• **Your instructions**
Beginning with the line below that contains "8 de junio: la" and ending with the line that contains "kā jūs varat nopelnīt naudu no mājām", copy every line exactly. Copy nothing else.
══════════
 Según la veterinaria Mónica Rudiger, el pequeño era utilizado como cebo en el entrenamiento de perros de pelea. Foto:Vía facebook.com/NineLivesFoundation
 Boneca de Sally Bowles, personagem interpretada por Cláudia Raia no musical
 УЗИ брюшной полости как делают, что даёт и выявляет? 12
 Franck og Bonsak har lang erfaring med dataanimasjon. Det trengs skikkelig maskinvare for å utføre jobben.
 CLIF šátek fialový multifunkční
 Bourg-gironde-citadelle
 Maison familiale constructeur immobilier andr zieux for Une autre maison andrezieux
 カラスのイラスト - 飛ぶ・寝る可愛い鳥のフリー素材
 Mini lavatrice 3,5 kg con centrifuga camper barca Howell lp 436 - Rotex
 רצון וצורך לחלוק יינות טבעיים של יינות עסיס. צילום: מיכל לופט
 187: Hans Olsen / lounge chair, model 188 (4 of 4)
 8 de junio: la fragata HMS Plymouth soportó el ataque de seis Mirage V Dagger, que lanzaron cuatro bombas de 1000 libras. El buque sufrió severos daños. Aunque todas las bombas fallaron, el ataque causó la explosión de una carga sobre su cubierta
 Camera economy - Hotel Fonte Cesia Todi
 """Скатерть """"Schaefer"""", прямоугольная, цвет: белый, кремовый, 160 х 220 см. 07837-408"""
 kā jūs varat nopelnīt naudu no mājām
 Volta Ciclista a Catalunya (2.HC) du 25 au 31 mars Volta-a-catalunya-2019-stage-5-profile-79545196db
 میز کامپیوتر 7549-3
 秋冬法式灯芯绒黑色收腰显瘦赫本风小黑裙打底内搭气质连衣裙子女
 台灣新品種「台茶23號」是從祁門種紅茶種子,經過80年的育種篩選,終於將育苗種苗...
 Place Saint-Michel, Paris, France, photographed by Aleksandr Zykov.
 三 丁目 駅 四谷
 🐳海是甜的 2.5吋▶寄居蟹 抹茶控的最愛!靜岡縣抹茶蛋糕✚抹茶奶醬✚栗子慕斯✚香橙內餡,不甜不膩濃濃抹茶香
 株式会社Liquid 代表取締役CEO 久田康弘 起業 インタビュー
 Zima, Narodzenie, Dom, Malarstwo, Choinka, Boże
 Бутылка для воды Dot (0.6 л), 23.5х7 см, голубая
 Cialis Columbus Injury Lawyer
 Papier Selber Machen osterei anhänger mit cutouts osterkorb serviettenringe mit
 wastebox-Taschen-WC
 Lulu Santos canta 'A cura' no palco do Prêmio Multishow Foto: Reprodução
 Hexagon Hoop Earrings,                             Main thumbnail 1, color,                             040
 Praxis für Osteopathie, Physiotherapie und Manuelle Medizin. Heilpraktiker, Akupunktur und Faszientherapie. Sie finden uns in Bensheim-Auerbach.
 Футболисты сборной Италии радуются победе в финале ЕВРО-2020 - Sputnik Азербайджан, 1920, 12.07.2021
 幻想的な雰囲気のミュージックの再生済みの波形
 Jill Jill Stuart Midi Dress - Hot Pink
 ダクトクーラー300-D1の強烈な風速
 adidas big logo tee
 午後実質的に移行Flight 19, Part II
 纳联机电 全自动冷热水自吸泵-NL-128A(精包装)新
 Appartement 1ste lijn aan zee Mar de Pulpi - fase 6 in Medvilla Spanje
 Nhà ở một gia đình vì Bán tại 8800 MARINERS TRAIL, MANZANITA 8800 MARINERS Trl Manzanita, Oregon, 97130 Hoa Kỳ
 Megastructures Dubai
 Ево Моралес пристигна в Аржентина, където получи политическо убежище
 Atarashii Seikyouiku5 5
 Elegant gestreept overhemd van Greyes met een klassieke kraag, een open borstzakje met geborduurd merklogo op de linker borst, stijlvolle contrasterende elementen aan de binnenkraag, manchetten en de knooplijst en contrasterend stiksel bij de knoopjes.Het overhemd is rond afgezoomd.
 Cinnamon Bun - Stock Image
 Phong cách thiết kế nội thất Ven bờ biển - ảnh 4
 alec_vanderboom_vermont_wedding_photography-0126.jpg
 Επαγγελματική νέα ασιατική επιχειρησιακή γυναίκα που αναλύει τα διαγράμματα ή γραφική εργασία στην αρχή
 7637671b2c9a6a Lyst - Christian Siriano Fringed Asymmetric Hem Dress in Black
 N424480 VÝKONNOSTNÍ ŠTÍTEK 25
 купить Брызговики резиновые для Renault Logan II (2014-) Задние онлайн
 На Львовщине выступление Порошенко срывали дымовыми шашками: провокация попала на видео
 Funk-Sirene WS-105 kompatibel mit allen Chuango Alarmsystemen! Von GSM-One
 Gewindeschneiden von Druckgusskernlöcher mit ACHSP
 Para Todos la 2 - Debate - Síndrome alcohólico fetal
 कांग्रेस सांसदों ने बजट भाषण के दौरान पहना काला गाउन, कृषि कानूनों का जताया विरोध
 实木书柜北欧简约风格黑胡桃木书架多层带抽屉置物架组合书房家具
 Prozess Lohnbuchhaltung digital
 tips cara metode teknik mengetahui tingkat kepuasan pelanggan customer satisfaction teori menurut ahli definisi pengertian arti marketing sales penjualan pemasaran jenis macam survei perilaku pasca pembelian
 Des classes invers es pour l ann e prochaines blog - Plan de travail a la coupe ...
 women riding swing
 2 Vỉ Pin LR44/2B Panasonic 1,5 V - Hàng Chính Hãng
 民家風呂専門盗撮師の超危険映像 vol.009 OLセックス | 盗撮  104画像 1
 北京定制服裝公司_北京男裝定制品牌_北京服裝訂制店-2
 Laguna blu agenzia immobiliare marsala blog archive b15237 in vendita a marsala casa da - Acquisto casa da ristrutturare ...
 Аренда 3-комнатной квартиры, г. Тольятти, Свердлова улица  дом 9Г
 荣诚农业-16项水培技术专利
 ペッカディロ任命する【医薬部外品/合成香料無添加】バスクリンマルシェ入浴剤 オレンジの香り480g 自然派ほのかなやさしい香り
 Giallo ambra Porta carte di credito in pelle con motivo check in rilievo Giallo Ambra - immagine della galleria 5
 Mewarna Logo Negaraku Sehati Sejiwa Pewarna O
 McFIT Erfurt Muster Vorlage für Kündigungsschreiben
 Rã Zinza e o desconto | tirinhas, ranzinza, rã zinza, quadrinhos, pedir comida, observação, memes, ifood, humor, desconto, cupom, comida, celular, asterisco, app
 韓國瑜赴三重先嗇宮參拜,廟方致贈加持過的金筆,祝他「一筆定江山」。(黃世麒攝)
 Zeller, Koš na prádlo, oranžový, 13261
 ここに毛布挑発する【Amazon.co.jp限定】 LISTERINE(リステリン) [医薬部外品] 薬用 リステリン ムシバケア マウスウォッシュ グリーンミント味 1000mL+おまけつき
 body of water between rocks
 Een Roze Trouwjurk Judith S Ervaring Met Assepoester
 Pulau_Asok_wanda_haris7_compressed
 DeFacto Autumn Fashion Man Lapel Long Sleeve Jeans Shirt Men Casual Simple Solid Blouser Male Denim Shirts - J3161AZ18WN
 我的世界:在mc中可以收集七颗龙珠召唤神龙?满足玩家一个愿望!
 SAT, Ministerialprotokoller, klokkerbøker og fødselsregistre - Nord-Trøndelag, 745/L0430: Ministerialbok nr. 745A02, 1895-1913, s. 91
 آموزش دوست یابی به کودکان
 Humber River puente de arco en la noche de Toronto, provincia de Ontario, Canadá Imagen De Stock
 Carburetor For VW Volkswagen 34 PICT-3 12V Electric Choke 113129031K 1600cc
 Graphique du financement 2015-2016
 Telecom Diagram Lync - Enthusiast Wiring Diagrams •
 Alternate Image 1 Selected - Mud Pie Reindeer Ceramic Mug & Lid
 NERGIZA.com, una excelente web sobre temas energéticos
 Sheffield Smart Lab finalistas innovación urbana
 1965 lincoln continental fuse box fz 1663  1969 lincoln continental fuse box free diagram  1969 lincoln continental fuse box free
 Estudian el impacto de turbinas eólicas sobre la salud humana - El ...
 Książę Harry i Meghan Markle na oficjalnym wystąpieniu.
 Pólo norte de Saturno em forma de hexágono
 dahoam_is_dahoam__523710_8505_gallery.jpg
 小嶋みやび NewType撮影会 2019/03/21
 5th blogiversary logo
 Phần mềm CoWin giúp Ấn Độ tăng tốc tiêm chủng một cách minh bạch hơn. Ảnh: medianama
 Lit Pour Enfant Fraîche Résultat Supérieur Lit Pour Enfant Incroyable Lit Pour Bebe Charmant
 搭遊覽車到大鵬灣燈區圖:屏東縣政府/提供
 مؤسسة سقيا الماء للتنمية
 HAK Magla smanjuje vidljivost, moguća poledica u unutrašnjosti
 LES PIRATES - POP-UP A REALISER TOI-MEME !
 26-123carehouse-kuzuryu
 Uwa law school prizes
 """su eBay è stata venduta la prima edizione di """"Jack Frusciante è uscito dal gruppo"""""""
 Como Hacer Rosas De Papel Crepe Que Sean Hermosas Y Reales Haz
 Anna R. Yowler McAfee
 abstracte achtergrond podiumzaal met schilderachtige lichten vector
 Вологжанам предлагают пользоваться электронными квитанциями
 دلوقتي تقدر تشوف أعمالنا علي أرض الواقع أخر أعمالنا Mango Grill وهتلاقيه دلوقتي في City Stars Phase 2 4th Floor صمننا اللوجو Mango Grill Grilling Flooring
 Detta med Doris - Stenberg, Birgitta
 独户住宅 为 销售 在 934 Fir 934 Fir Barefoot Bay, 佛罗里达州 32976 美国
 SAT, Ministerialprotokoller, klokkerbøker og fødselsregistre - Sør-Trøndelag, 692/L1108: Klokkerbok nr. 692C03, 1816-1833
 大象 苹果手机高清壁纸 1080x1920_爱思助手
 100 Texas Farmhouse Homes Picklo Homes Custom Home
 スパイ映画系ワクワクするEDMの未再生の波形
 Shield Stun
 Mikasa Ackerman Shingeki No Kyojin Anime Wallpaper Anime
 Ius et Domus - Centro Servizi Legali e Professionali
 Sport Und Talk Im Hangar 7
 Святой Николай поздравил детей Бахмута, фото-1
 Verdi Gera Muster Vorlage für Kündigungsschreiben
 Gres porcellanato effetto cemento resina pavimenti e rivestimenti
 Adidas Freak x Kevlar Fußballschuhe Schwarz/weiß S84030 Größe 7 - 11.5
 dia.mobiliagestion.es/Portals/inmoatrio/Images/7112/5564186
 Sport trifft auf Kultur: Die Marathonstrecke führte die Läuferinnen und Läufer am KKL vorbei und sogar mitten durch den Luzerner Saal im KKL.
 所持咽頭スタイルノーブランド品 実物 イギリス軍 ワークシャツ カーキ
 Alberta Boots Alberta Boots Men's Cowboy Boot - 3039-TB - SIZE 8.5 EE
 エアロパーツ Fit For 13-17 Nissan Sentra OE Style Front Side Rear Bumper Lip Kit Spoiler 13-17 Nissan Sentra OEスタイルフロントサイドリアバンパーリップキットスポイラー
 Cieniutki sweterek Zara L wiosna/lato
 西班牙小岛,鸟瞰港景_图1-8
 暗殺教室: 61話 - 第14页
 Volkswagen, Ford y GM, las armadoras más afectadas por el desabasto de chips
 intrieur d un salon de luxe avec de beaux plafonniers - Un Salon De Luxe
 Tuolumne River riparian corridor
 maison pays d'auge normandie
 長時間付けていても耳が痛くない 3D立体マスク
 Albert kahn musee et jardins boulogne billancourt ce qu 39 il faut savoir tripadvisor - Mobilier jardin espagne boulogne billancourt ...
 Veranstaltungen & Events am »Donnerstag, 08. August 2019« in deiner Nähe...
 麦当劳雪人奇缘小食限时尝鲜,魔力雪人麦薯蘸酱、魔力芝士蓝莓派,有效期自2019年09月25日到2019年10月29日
══════════
• **Answer space**
 8 de junio: la fragata HMS Plymouth soportó el ataque de seis Mirage V Dagger, que lanzaron cuatro bombas de 1000 libras. El buque sufrió severos daños. Aunque todas las bombas fallaron, el ataque causó la explosión de una carga sobre su cubierta
 Camera economy - Hotel Fonte Cesia Todi
 """Скатерть """"Schaefer"""", прямоугольная, цвет: белый, кремовый, 160 х 220 см. 07837-408"""
 kā jūs varat nopelnīt naudu no mājām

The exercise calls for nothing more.